I have been attending the MOST wealth study meets on and off. This was the first time I was attending in their brilliant atrium. I had seen the atrium of course, but had not attended any session there. The talk was good, the discussion even better.

I will hopefully being writing more about the study, so this can be part 1 of my reporting. No, I do not get paid to report about this event. Just a clarification!

I like wealth studies – even the ones with which I do not agree. I am also too lazy to prove my point, so will stay with some of my beliefs and will happily copy somethings which Ramdeo, Aakash Prakash, Ramesh Damani, and Sanjoy Bhattacharyya have to say or had to say at the meet.

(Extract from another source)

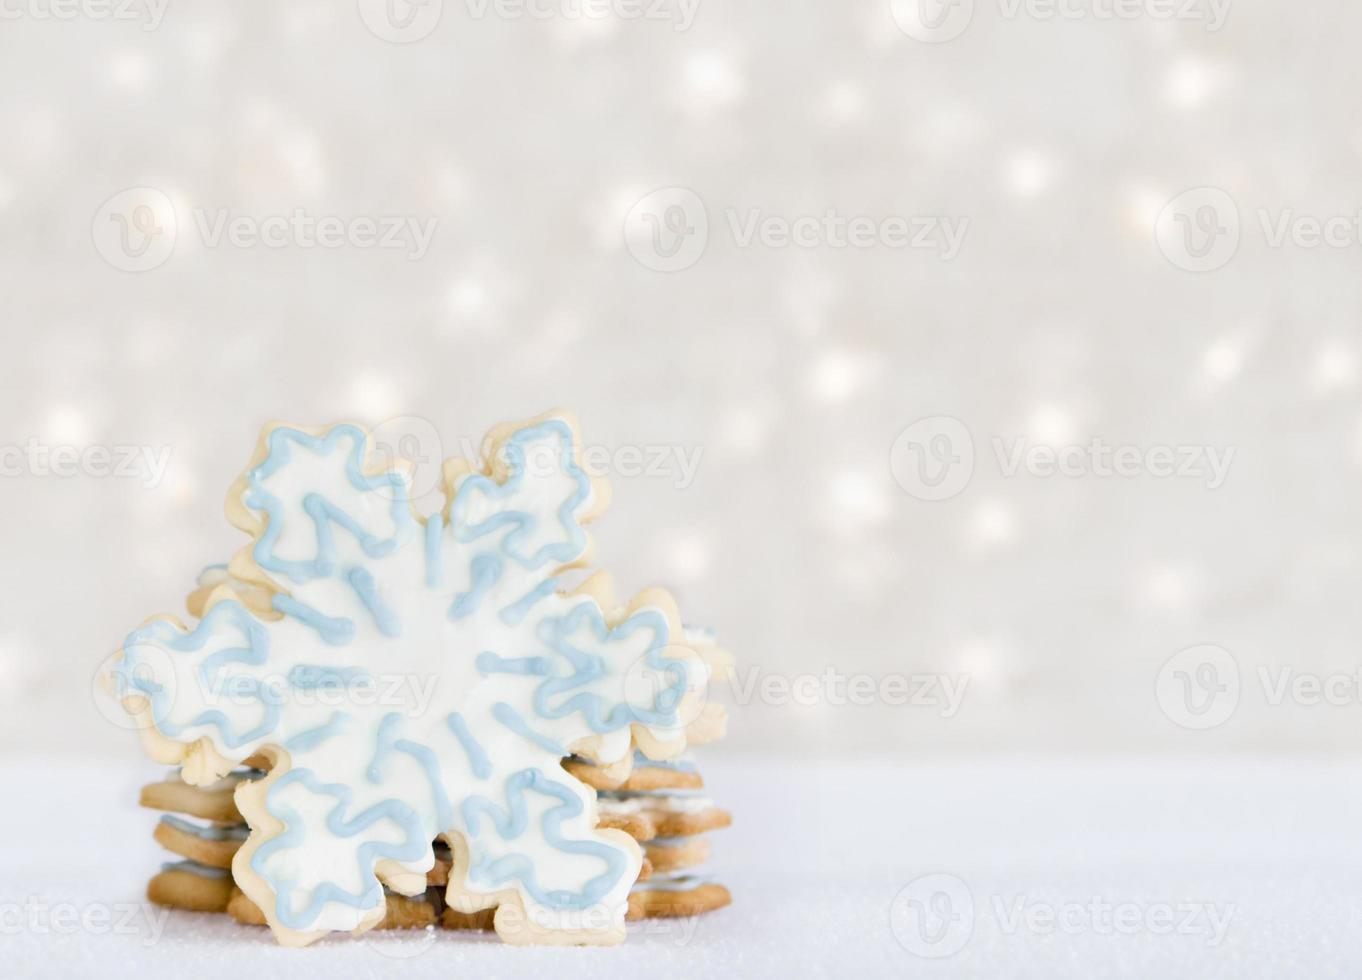 biscoitos de floco de neve - tratamento de inverno foto

What happens at such meets is many OBVIOUS things are said. When i say obvious, I do not mean EVERYBODY knows the right answers. In fact many of us have to be kicked on our backside to be reminded of this. For example the rate of growth of a company does not matter if you have paid an obscene price to buy the underlying stock. So if you bought Infosys at a PE of 200, and then there is mean reversion to 15, chances are that you did not earn much return. However in the same period if you had bought Dabur at a pe of 10, and saw the pe expand to 55, it is fairly obvious that your wealth journey was well aided.

Wealth creation is a function of PE expansion, growth, and RoE. Of course only if RoE is good will the PE expand. A lot of healthy discussion on growth. Hdfc bank of course an exception to the norm that a company cannot grow at 24% for 25 years! HUL another example of amazing growth. The problem is when do you call and say “that is it now it cannot grow”. I do not know.

Of course for an individual 3 things matter – PE expansion, starting price, RoE, and of course growth. So if you start at a bad price, you have had it! It also comes back to RoE. If a company gets an RoE less than 13, the company is likely to be a wealth destroyer.

My note: You should see these ratios over a long period of time, and for companies growing rapidly, there could be times when RoE dipping should not worry you too much. Look at Indigo. I am impressed with the market share that they are building up. With say 45% market share, I am sure they will worry about RoE, RoA, RoNw, after some time. Currently the numbers may not look good. So it is necessary to read the numbers, and between the numbers too.

Growth: this is not really exaggerated. Market gives a lot of importance to future cash flows.

The problem is NONE of us can predict. We do not know that we cannot predict. So like monkeys we keep fidgeting.

The problem with us is our EGO. We will not accept that we do not understand many of these things.

Sigh. My journey started in 1979. Every time I meet these people…I realize how less I have learnt in 40 years.

Phew.

  1. So true. EGO is the showstopper: ‘Don’t overlook the ‘unknown unknowns’. “There are known knowns. These are things we know that we know. There are known unknowns. That is to say, there are things that we know we don’t know. But there are also unknown unknowns. There are things we don’t know we don’t know.”